New Residential Investment Corp.
(Exact Name of Registrant as Specified in Charter)



Delaware
001-35777
45-3449660
(State or Other Jurisdiction of Incorporation)
(Commission File Number)
(I.R.S. Employer Identification No.)


1345 Avenue of the Americas, 45th Floor, New York, New York 10105
(Address of Principal Executive Offices, and Zip Code)

(212) 479-3150
Registrant’s Telephone Number, Including Area Code

Not Applicable
(Former Name or Former Address, if Changed Since Last Report)

Check the appropriate box below if the Form 8-K filing is intended to simultaneously satisfy the filing obligation of the registrant under any of the following provisions:


Written communications pursuant to Rule 425 under the Securities Act (17 CFR 230.425)

Soliciting material pursuant to Rule 14a-12 under the Exchange Act (17 CFR 240.14a-12)

Pre-commencement communications pursuant to Rule 14d-2(b) under the Exchange Act (17 CFR 240.14d-2(b))

Pre-commencement communications pursuant to Rule 13e-4(c) under the Exchange Act (17 CFR 240.13e-4(c))

Indicate by check mark whether the registrant is an emerging growth company as defined in Rule 405 of the Securities Act of 1933 (17 CFR §230.405) or Rule 12b-2 of the Securities Exchange Act of 1934 (17 CFR §240.12b-2).

Emerging growth company         ☐

If an emerging growth company, indicate by check mark if the registrant has elected not to use the extended transition period for complying with any new or revised financial accounting standards provided pursuant to Section 13(a) of the Exchange Act.               ☐

Securities registered pursuant to Section 12(b) of the Act:

Title of each class
Trading Symbol(s)
Name of each exchange on which registered
Common Stock, $0.01 par value per share
NRZ
New York Stock Exchange
     
7.50% Series A Fixed-to-Floating Rate Cumulative Redeemable Preferred Stock
NRZ PR A
New York Stock Exchange
     
7.125% Series B Fixed-to-Floating Rate Cumulative Redeemable Preferred Stock
NRZ PR B
New York Stock Exchange
     
6.375% Series C Fixed-to-Floating Rate Cumulative Redeemable Preferred Stock
NRZ PR C
New York Stock Exchange




Introductory Note

This Current Report on form 8-K/A (this “Amendment”) is being filed as an amendment to the Current Report on Form 8-K filed by New Residential Investment Corp. (the “Company”) with the Securities and Exchange Commission (the “SEC”) on August 23, 2021 (the “Original Report”).

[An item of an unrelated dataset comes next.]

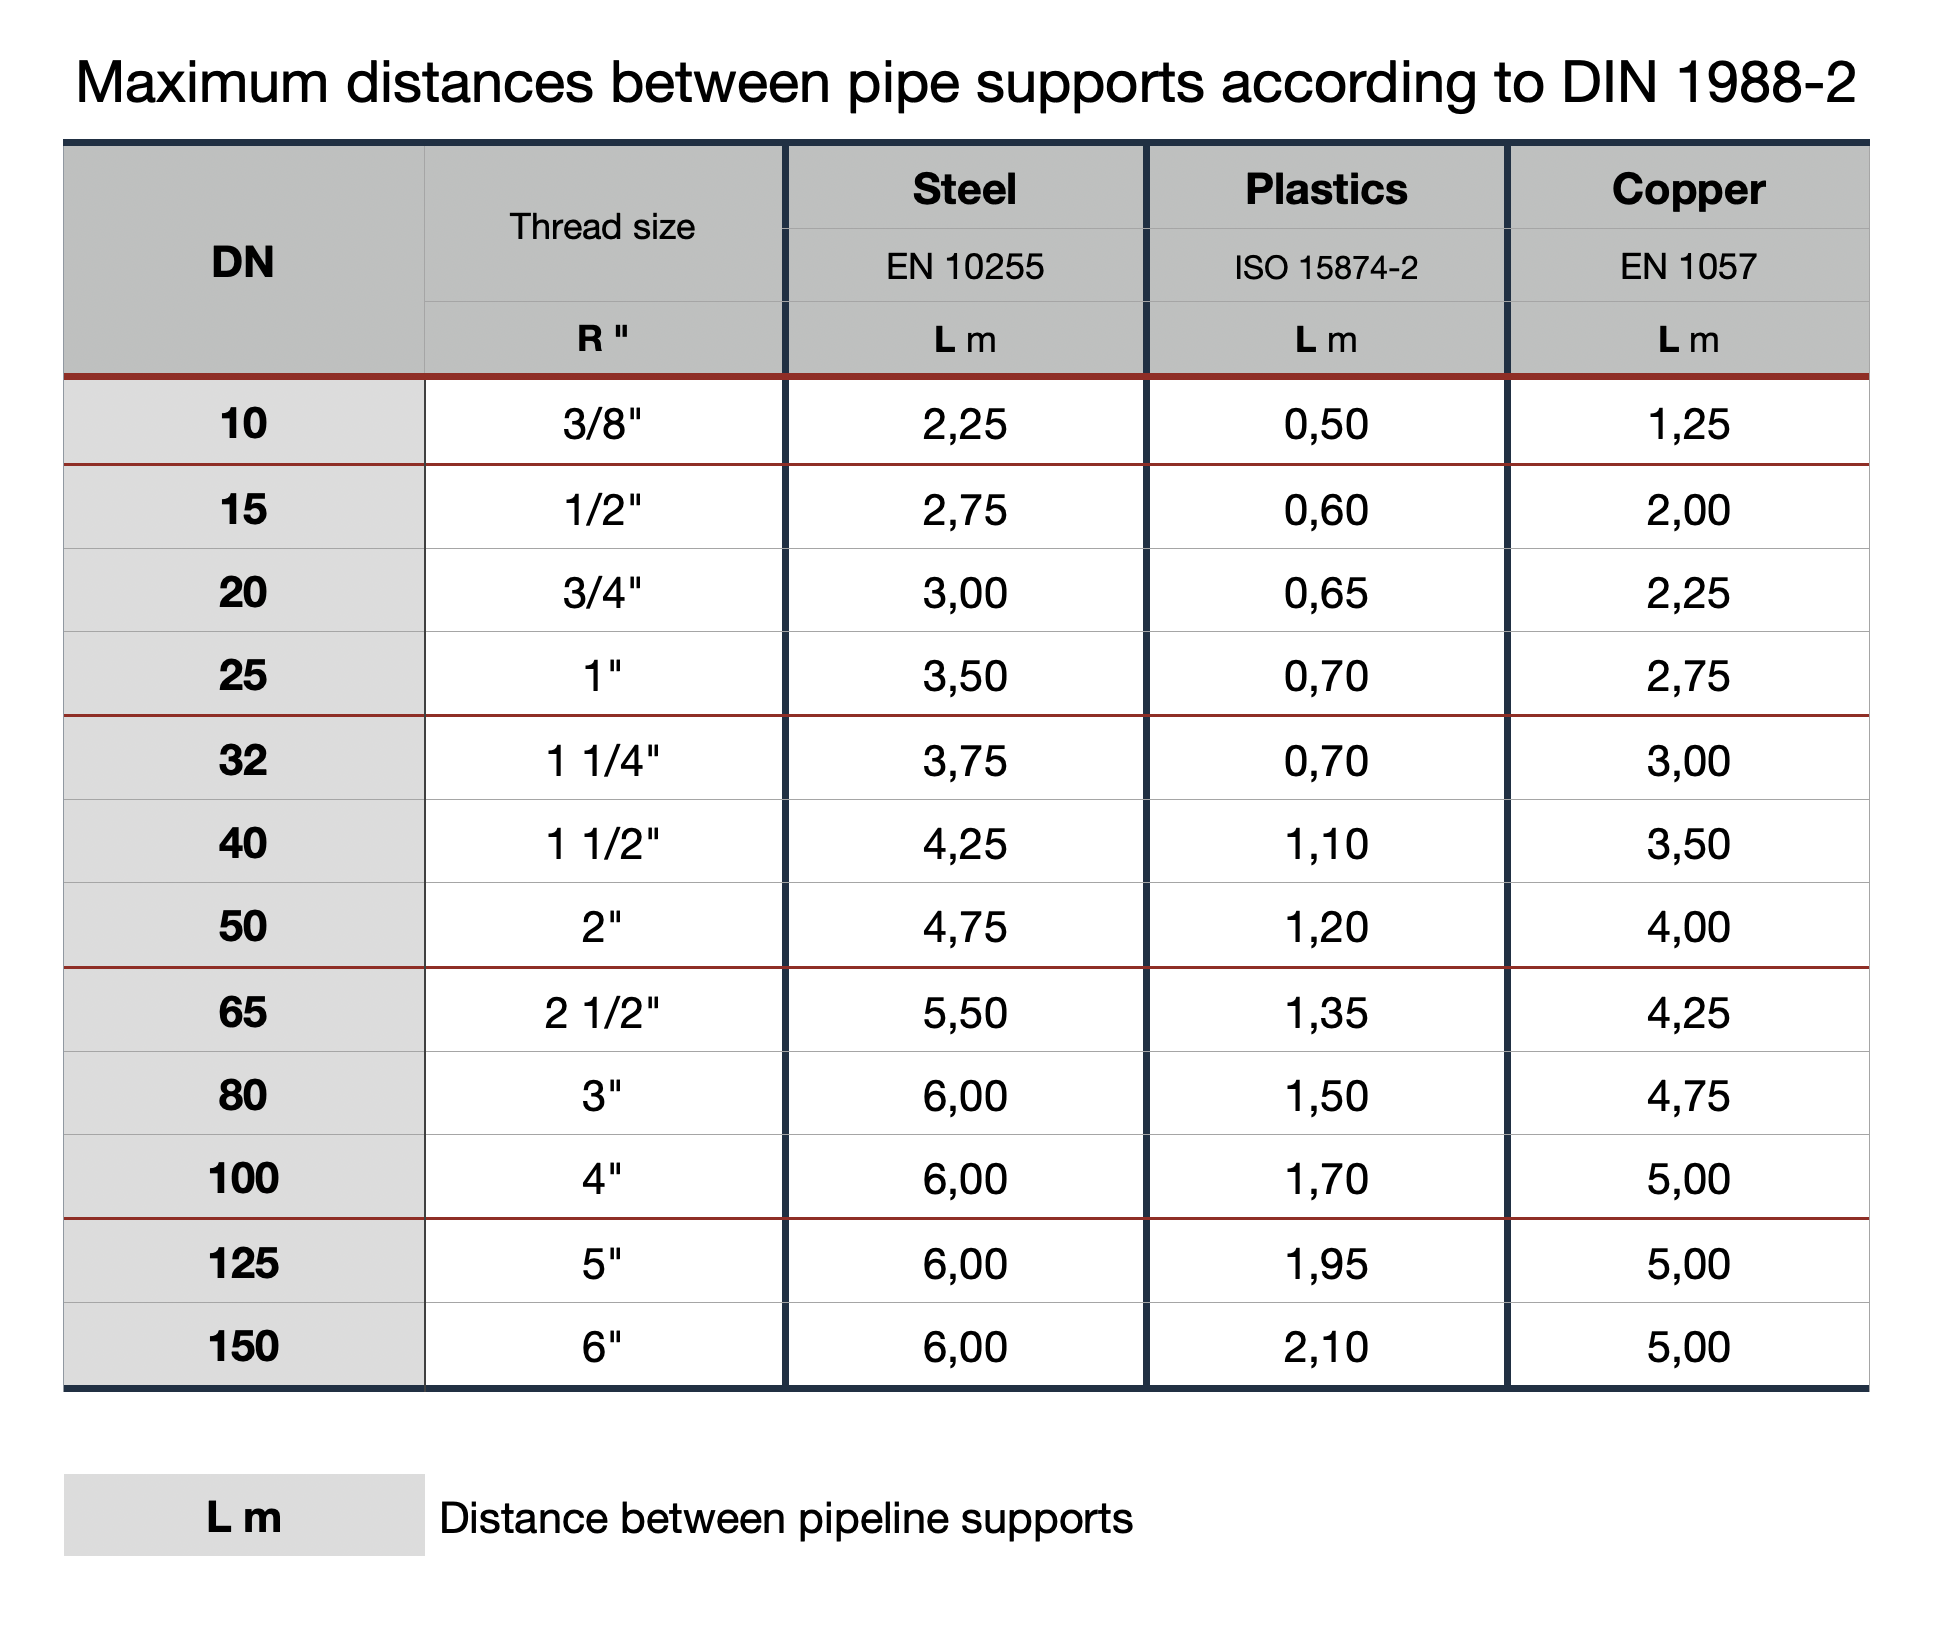 Maximum distances between pipe supports according to DIN 1988-2

In the Original Report, the Company disclosed, among other things, the closing on August 23, 2021 of the acquisition (the "Transaction") of Caliber Home Loans Inc., a Delaware corporation (“Caliber”) from LSF Pickens Holdings, LLC, a Delaware limited liability company (“LSF”), as contemplated by that Stock Purchase Agreement, dated as of April 14, 2021 (as amended, supplemented or otherwise modified from time to time in accordance with its terms, the "SPA"), with LSF and Caliber. Pursuant to the SPA, the Company’s wholly owned subsidiary, NRZ Acquisition LLC, a Delaware limited liability company, purchased all of the issued and outstanding equity interests of Caliber. This Amendment is being filed to provide the historical condensed consolidated financial information of Caliber and the unaudited pro forma condensed combined financial information of the Company required by Items 9.01(a) and 9.01(b) of Form 8-K that were excluded from the Original Report. Except as set forth herein, this Amendment does not amend, modify or update the disclosure contained in the Original Report.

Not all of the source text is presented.